Das Unternehmen stellte im Rahmen seines Schrotthandels in Deutschland Rechnungen aus. Die Klägerin, eine andere Firma, hatte von der GmbH Schrott bezogen. Sie machte beim Finanzamt die in den Rechnungen angeführte Vorsteuer geltend und minderte seine eigene Umsatzsteuerschuld entsprechend.
Doch die Behörde lehnte den Vorsteuerabzug ab. Eine Rechnung setze eine „vollständige Anschrift“ und damit zutreffende Anschrift voraus. Hier sei die Anschrift der GmbH aber lediglich eine Briefkastenadresse am Sitz einer Kanzlei, die eine Domiziladresse auch für weitere Firmen sei. Die vorwiegende Geschäftstätigkeit und der eigentliche Unternehmenssitz lägen in Ungarn, rügte das Finanzamt. Der GmbH-Geschäftsführer komme nur einmal im Monat in die Kanzlei, wo er dann einen Schreibtisch, Telefon und Computer nutzen könne.

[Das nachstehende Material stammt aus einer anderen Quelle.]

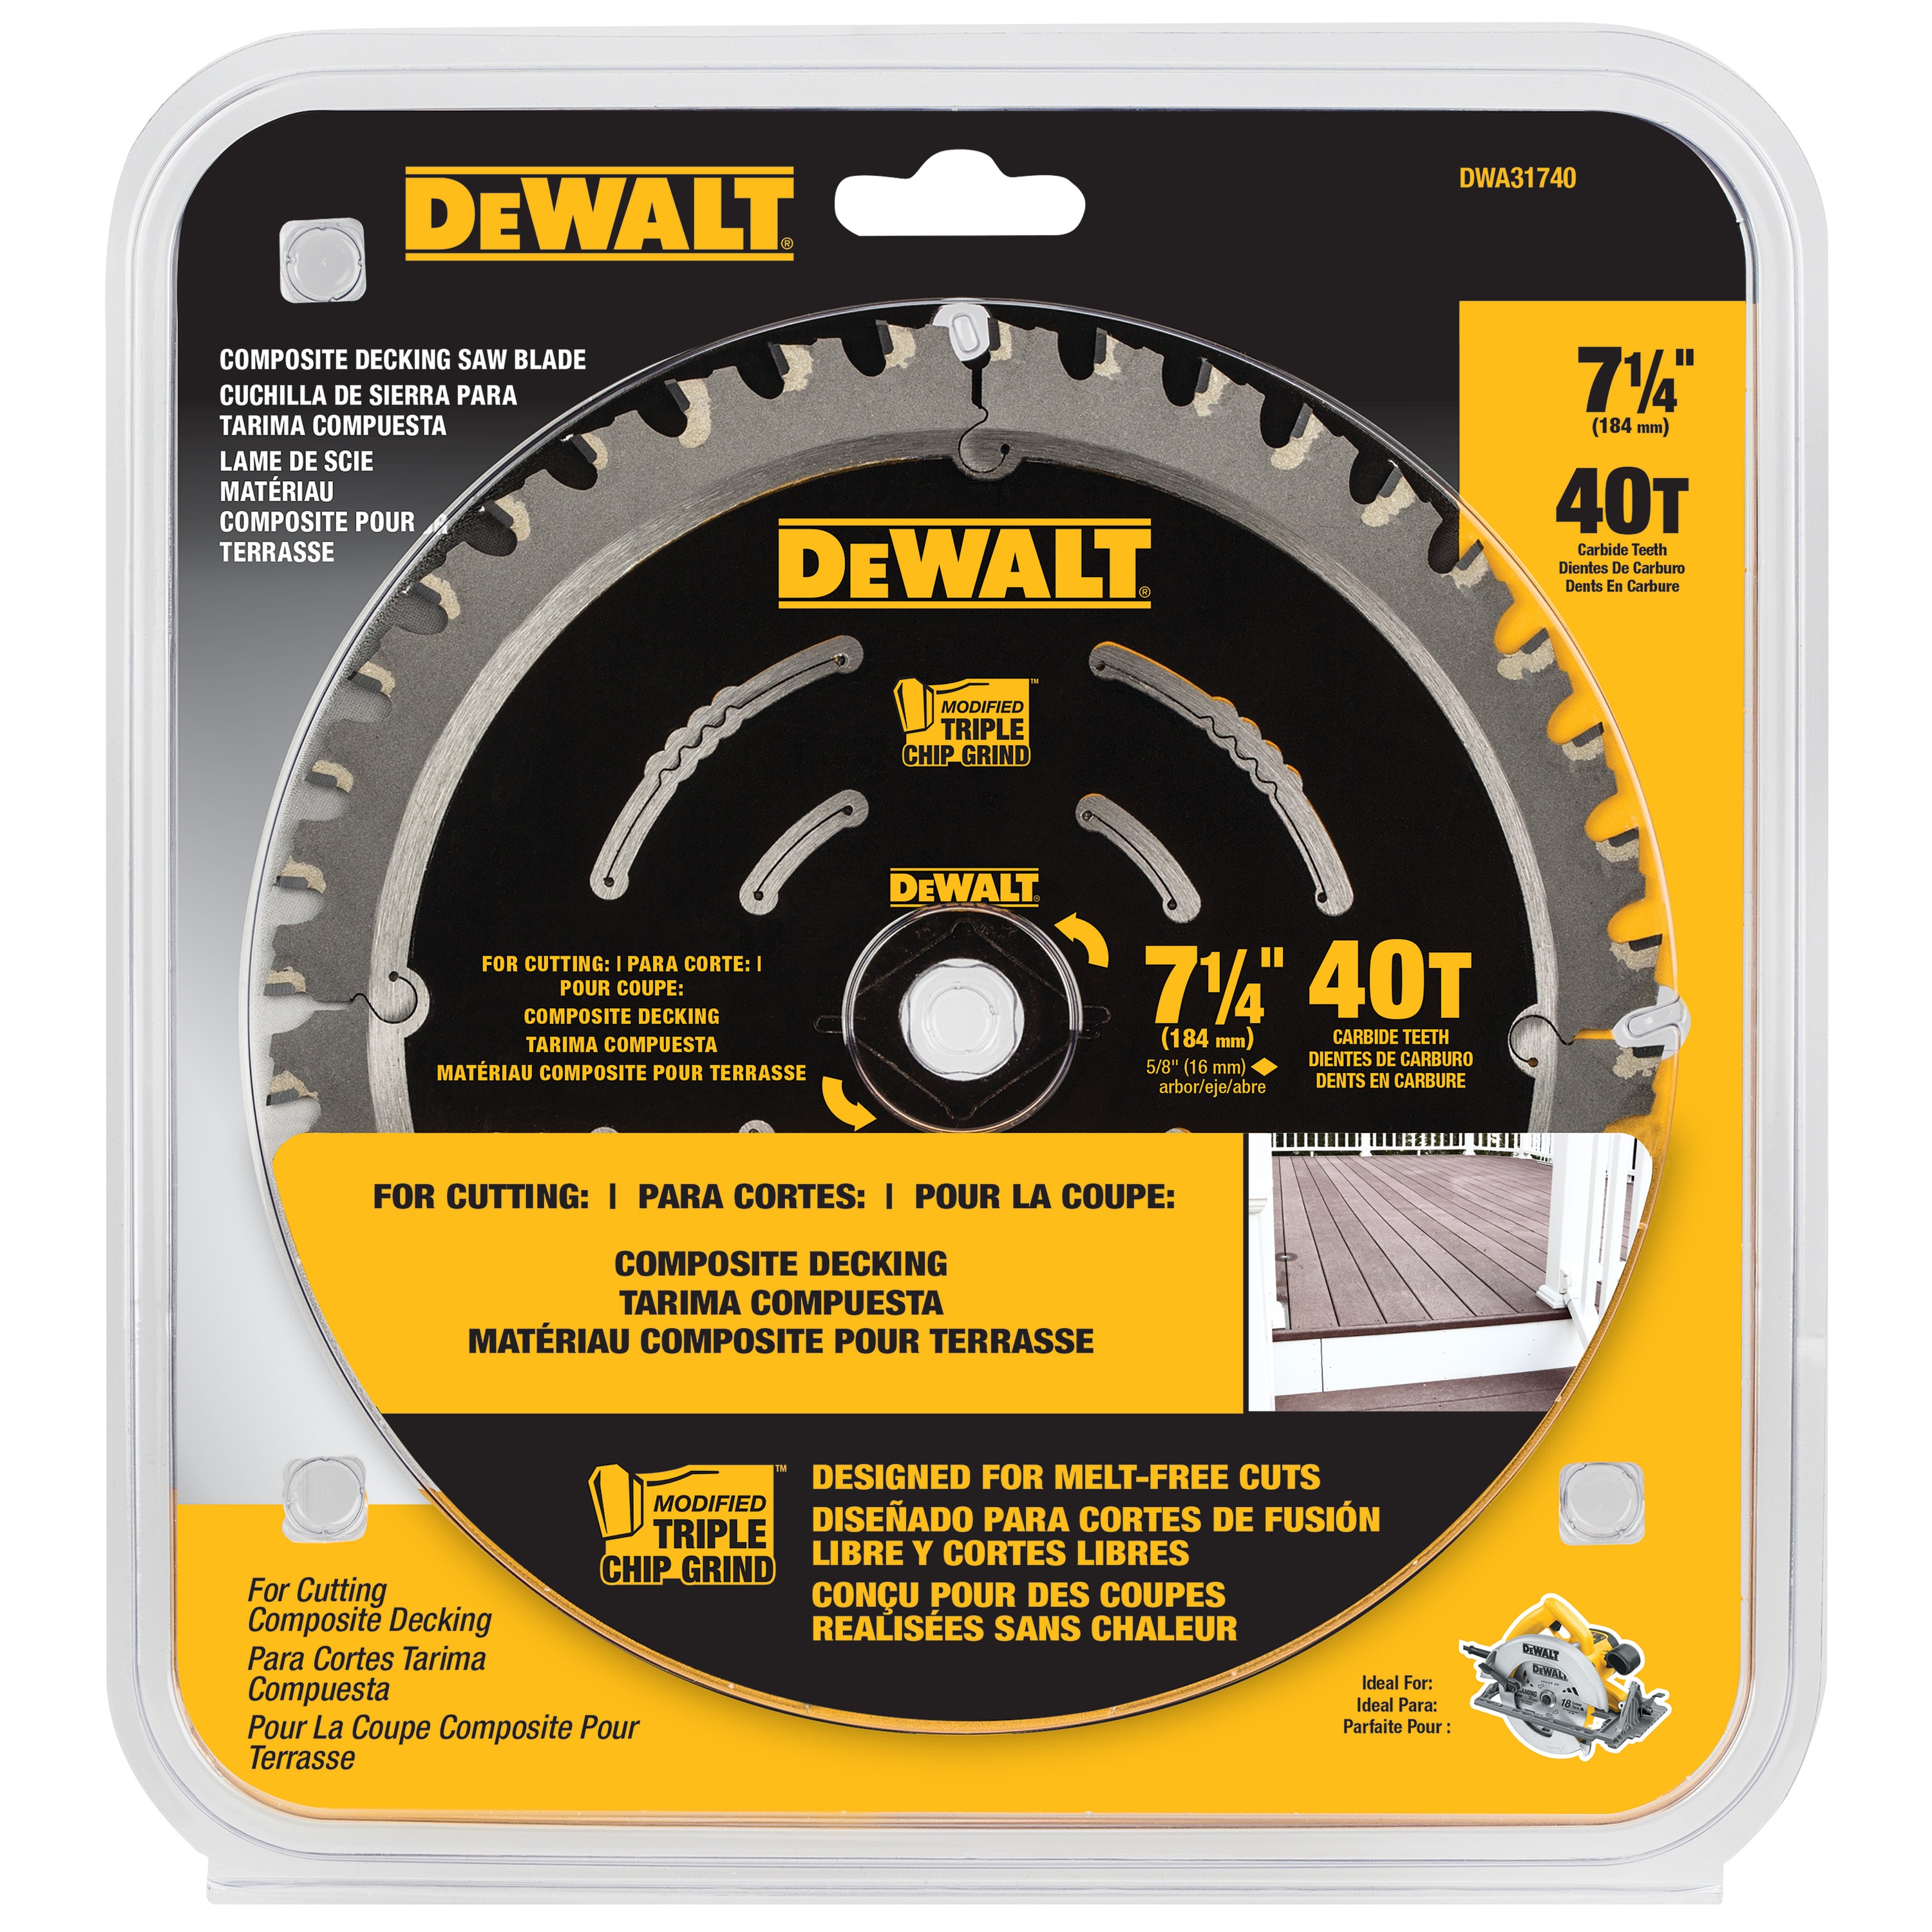 DEWALT - 7 14 40T Composite Decking Saw Blade - DWA31740

In seinem Urteil vom 21. April 2016 gab das Finanzgericht dem Kunden des Schrotthändlers recht. Der Begriff der „vollständigen Anschrift“ sei nicht so eng. „Anschrift“ und „Sitz der wirtschaftlichen Aktivität“ seien nicht gleichzusetzen. Der Sitz einer Firma könne anders als bei „geschäftlichen Aktivitäten“ mit allgemein zugänglichen Quellen wie Auskunftsdateien oder auch dem Handelsregister bestimmt werden.
Im Übrigen habe es auch hier „geschäftliche Aktivitäten“ in Deutschland gegeben. So habe der Geschäftsführer einmal monatlich die Kanzleiräume aufgesucht und habe Schrotthandel betrieben. Ein Vorsteuerabzug sei zwar bei betrügerischem oder missbräuchlichem Handeln ausgeschlossen. Eine Steuerhinterziehung liege hier aber nicht vor.
Gegen das Urteil hat das Finanzamt Revision beim Bundesfinanzhof in München eingelegt. Dort ist das Verfahren unter dem Aktenzeichen V R 28/16 anhängig.
Der Europäische Gerichtshof (EuGH) in Luxemburg hatte 2011 entschieden, dass aber auch Briefkastenfirmen Körperschaft- und Gewerbesteuer zahlen müssen (Urteil und JurAgentur-Meldung vom 15. November 2011, Az.: C-106/09 P).